* Your assignment
Restate the data below word for word. Leave the images out.

═══ Data shown ═══

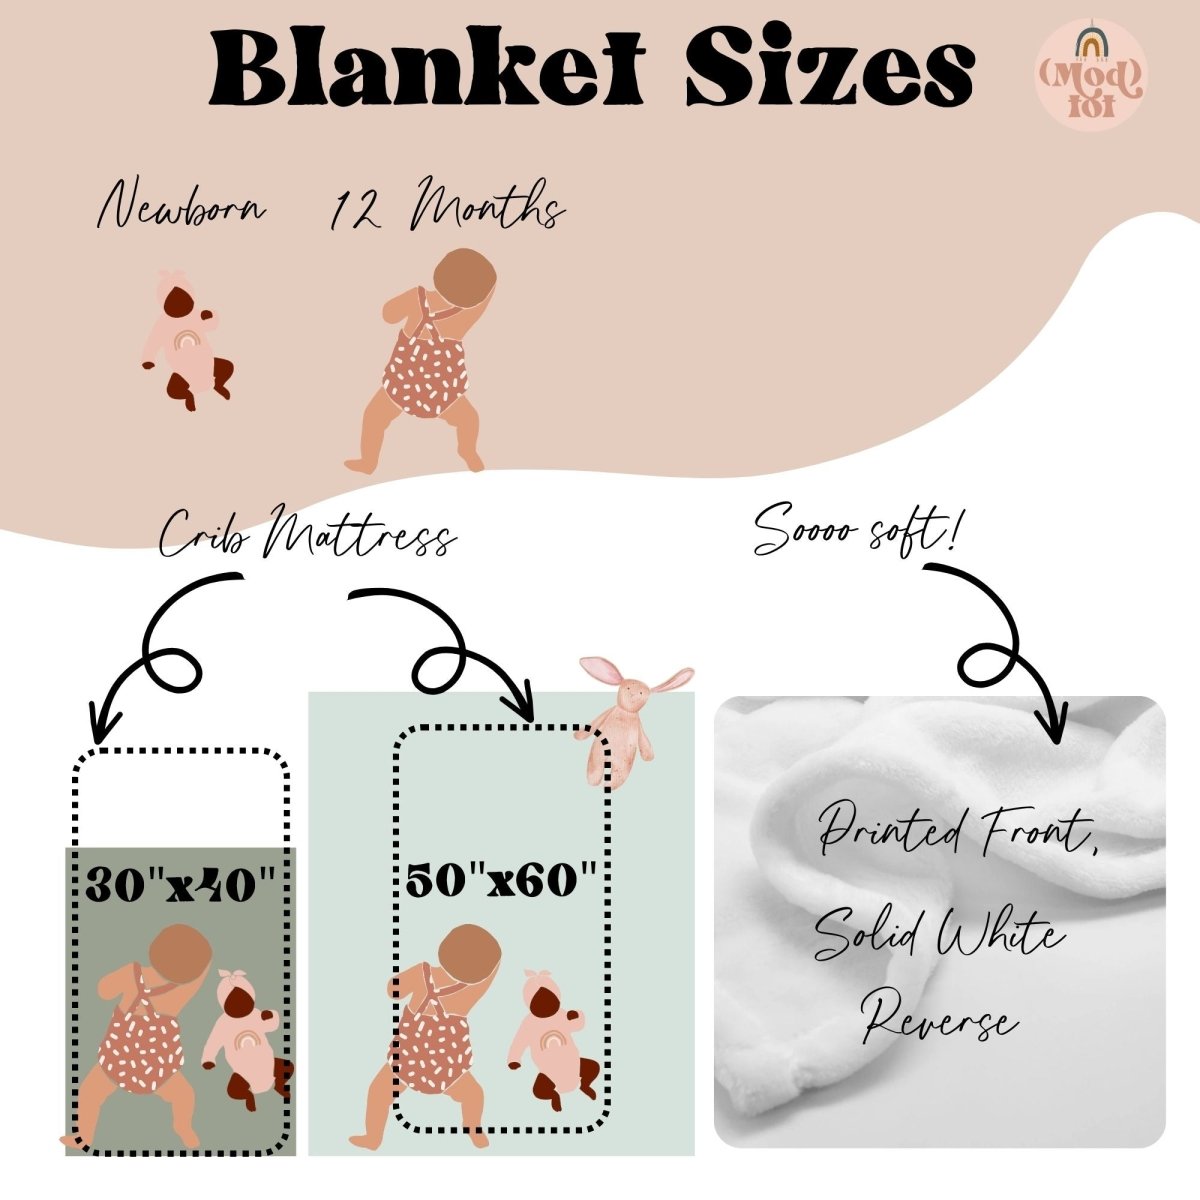 Woodland Floral Adventure Patchwork Minky Blanket - gender_girl, Personalized_No, Theme_Adventure
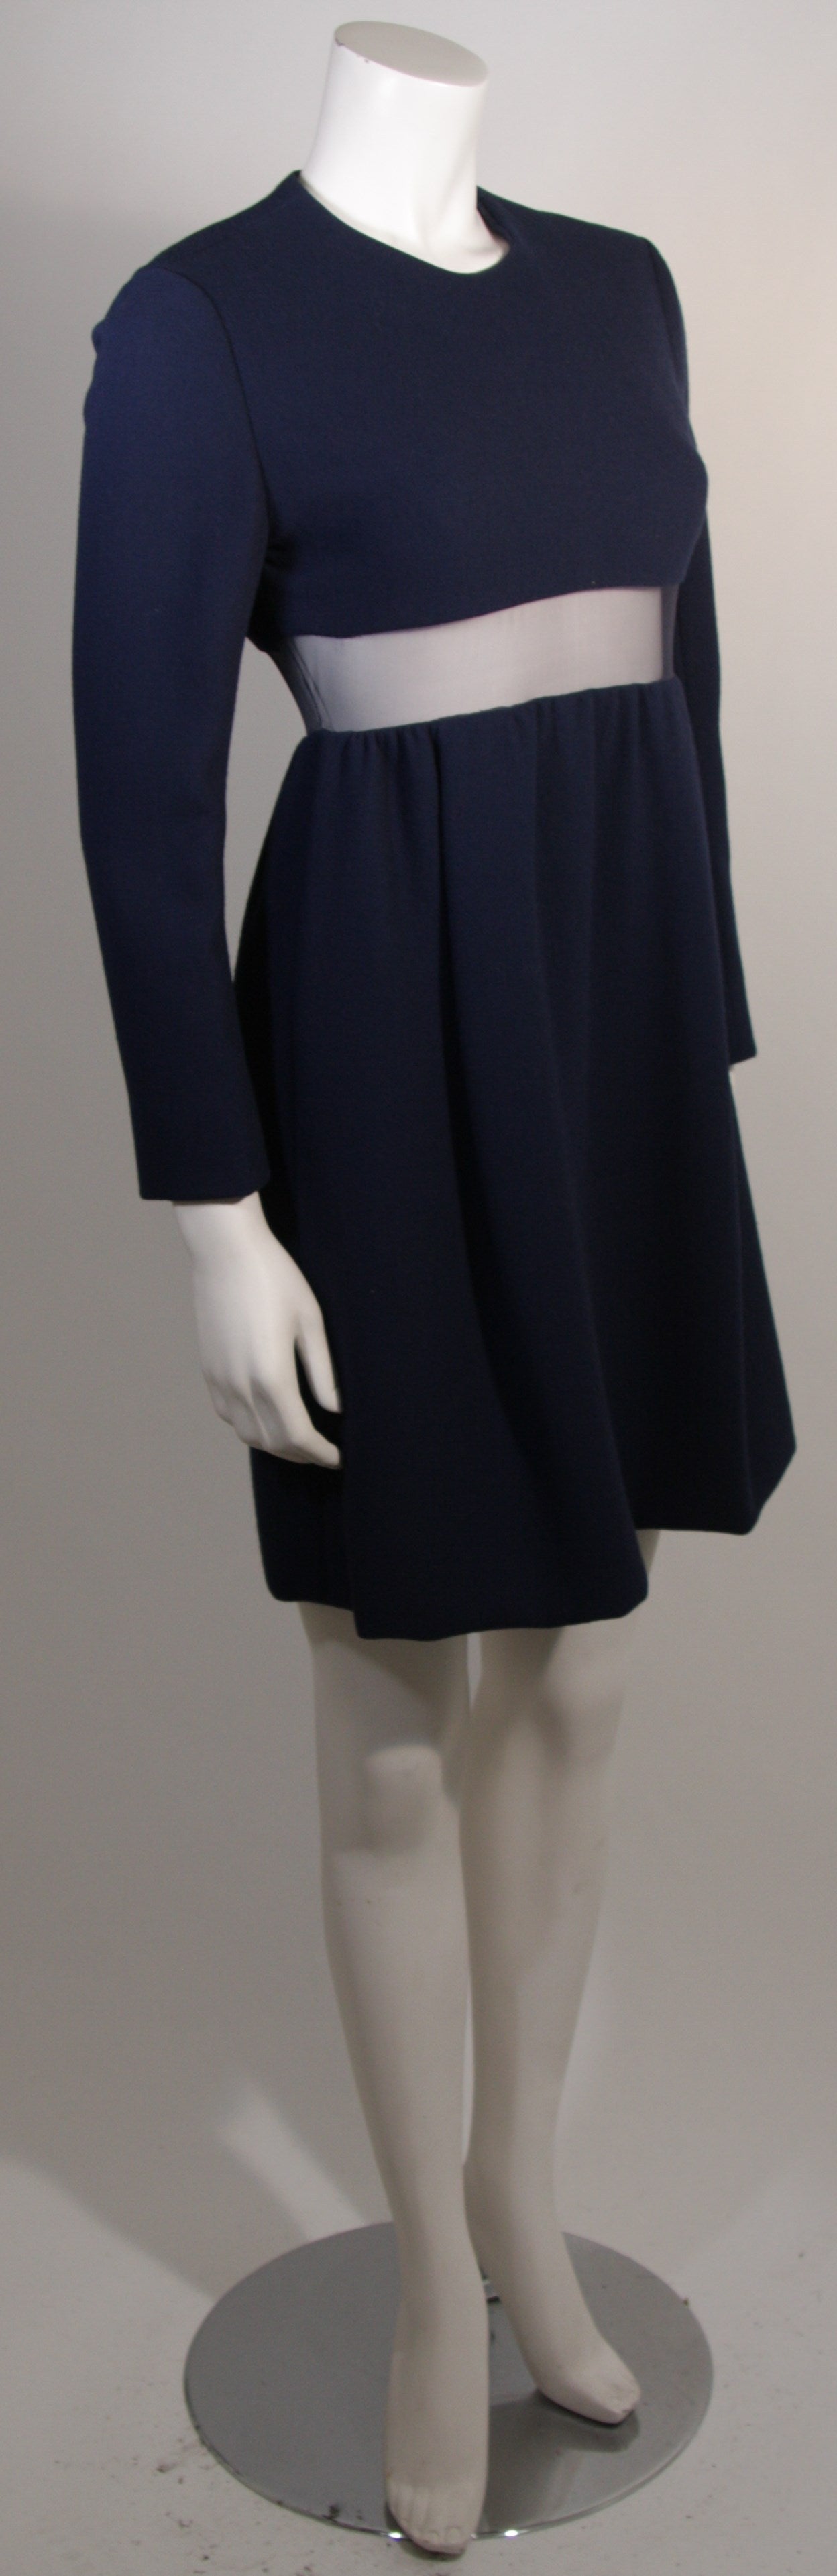 Black Galanos Navy Wool Mini Dress with Peek-a-boo Mesh Panel size 4 For Sale
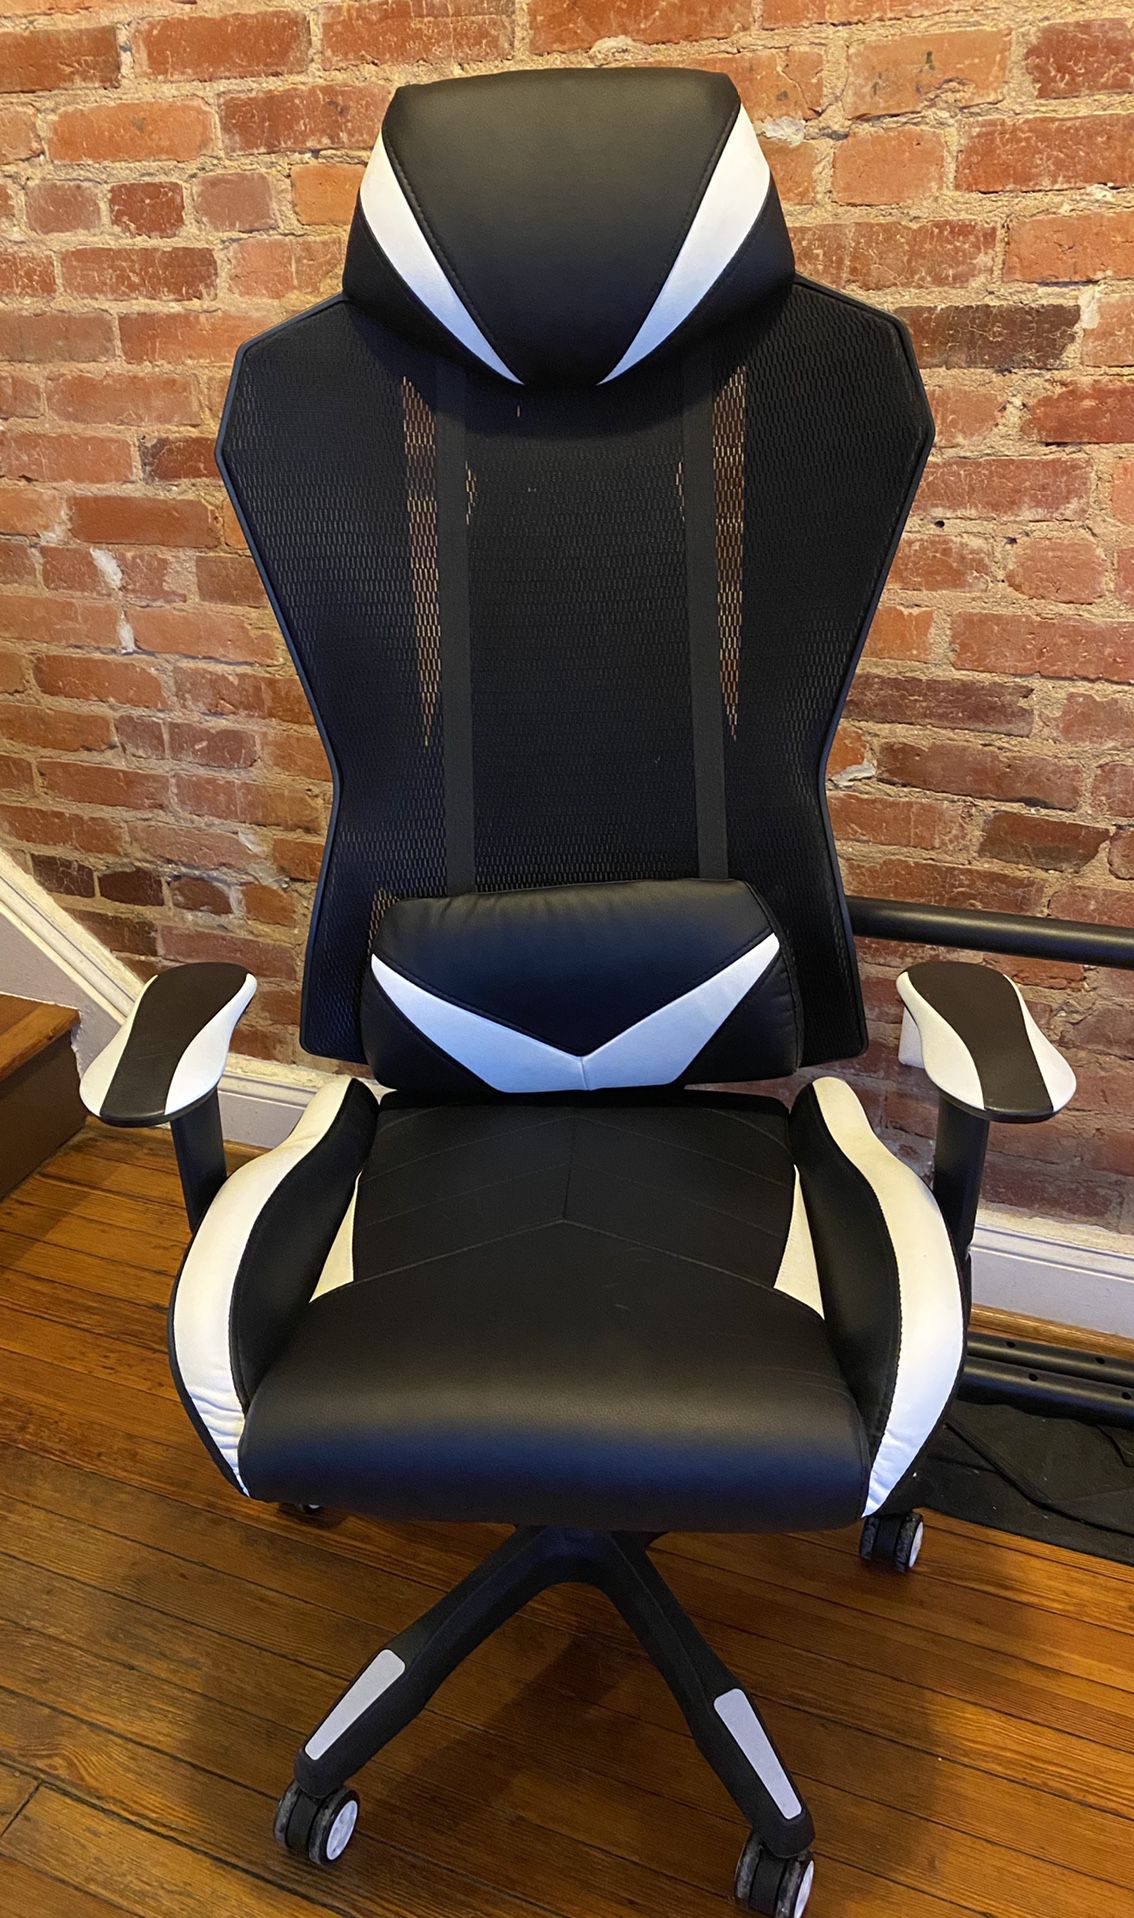 Almost Brand new Gaming Chair

═══

* Answer area
 Woodland Floral Adventure Patchwork Minky Blanket - gender_girl, Personalized_No, Theme_Adventure
 Black Galanos Navy Wool Mini Dress with Peek-a-boo Mesh Panel size 4 For Sale
 Almost Brand new Gaming Chair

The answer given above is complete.